Create golden images

● Save yourself and your team a lot of deployment time

Utc clock

● Many things in life have to do with good timing. We are going to apply the same in our cluster. We do want to have our cluster in perfect sync and this is going to happen by using the same clocks,

Security is a habit not an act (seriously paraphrasing Aristotle here…but it is true).

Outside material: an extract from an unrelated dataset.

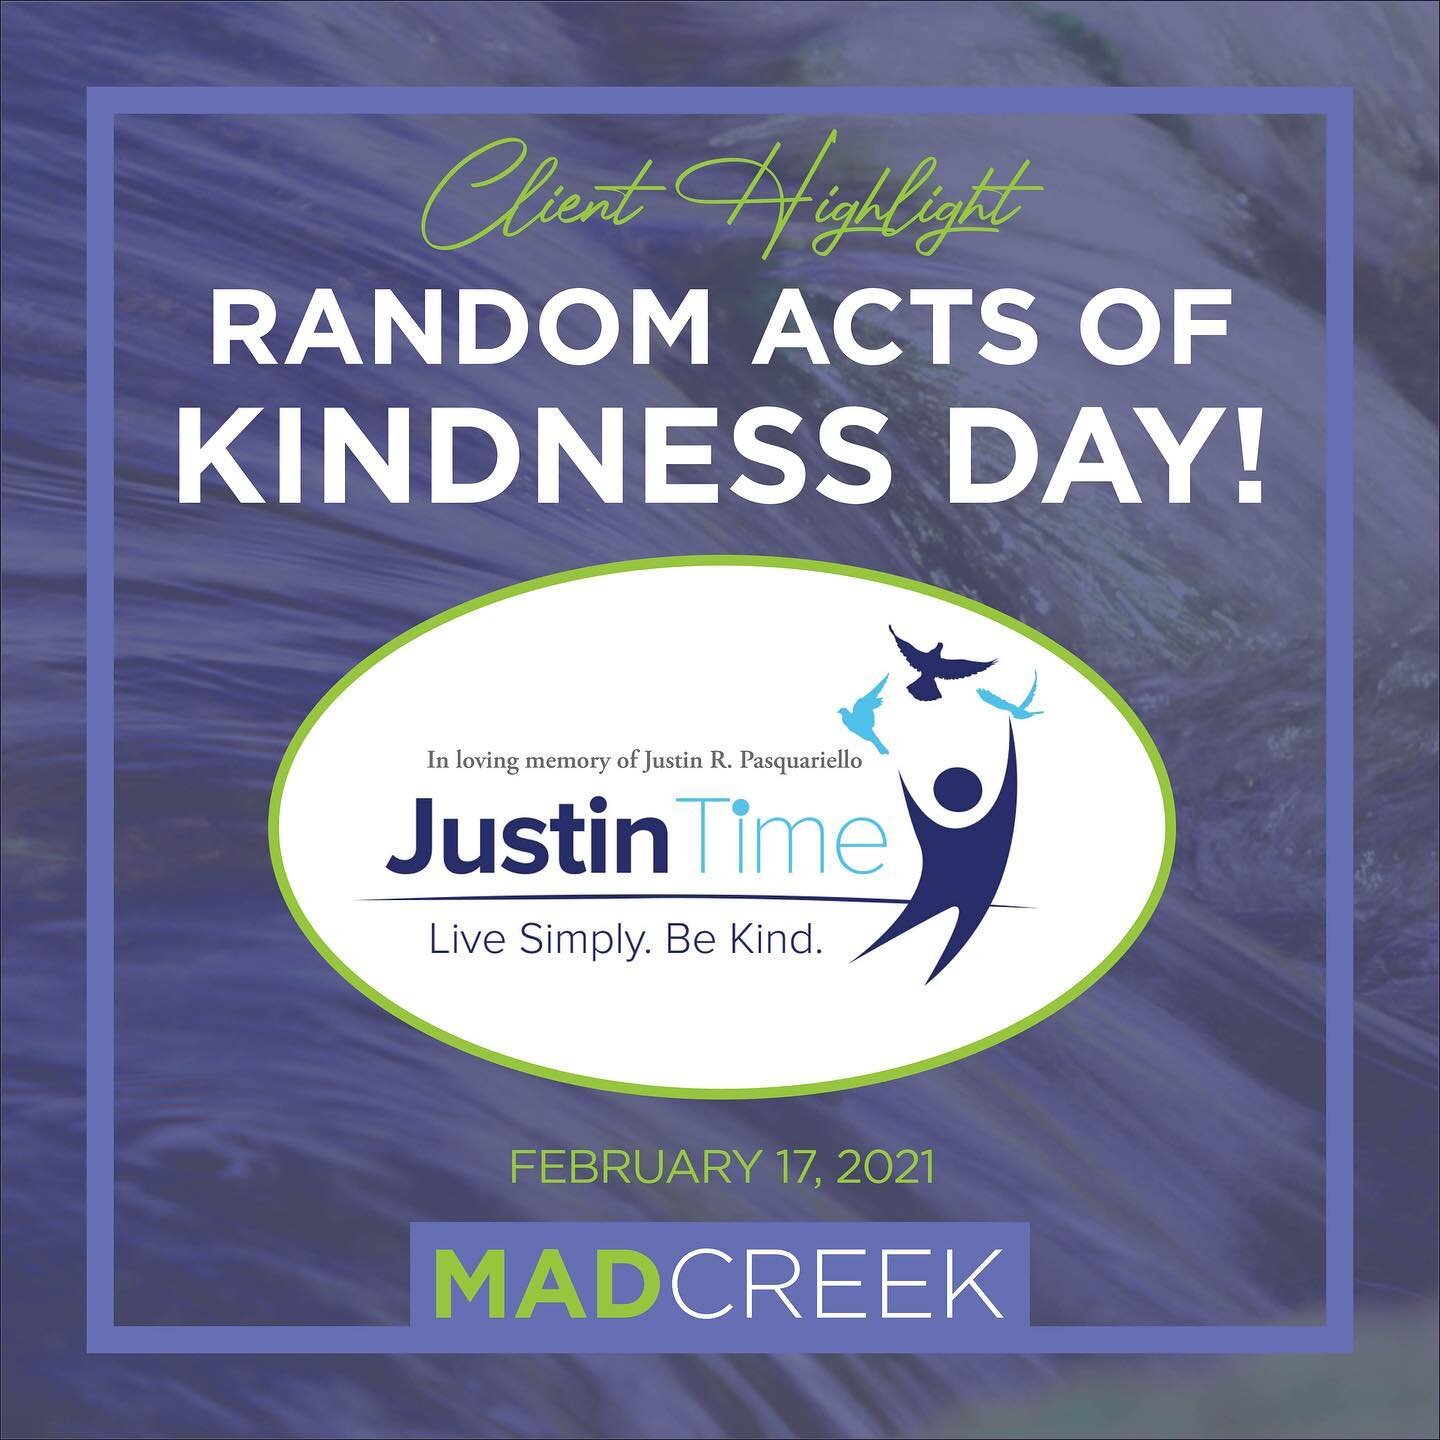 On this National #RandomActsofKindnessDay we would like to take the opportunity to highlight our @madcreekllc client The @justintimefoundation a #nonprofitorganization whose mission is to provide timely support for children/families who suffer the un
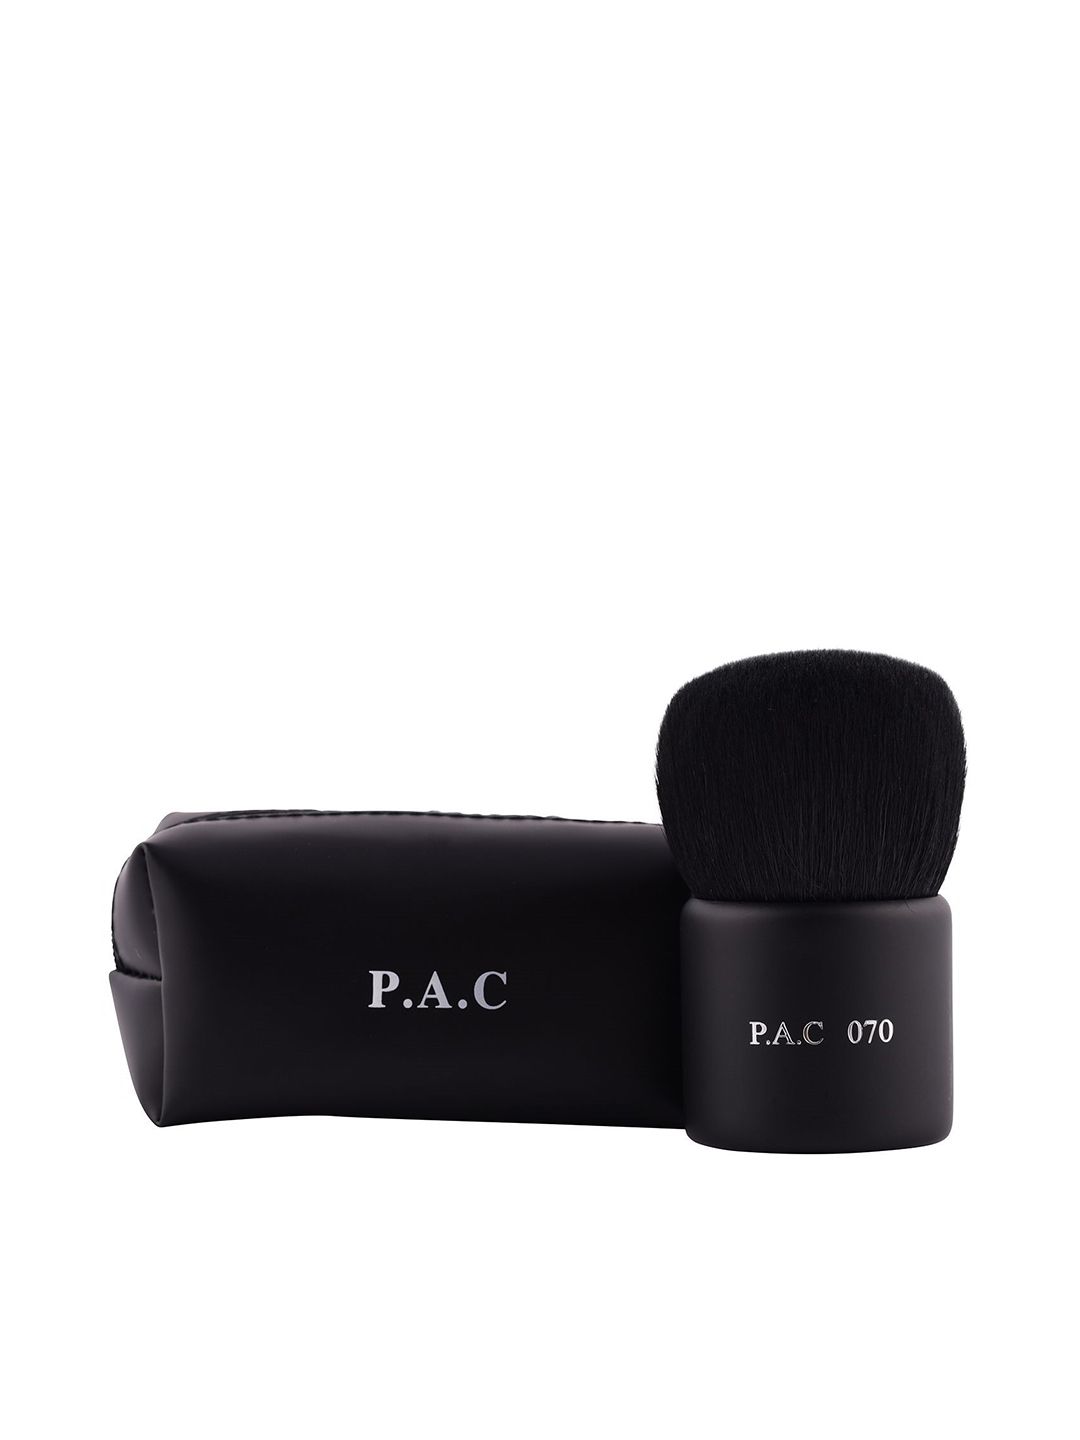 PAC Black Powder Brush with Pouch - 070 Price in India

● i.e. think, before you start having problems…

Certificate management

● There are some nice solutions out there, e.g. AWS or Vault

Version control your checks

● Everything as a code…

Have naming conventions for everything

● Make it look nice!

Lint, lint, and lint some more!

Someone needs to monitor your monitoring system.

● For obvious reasons. Luckily this can happen using Cloudwatch and custom alerts (even using Lambda functions + Lifecycle policies)

Build a CI pipeline

Keep simple documentation and include some use cases

Ownership — Share it!

Use tags and prefixes for your resources

It’s open-source. Become part of the community and talk!

Am I forgetting something?

Probably! If everyone in your team knows what is happening though, they will let you know! Keep everyone involved. Monitoring and reliability are a team effort.

p.s. Special thanks to Goncalo Barroso and Robert Mason for reviewing the article and making this an easier read for everyone.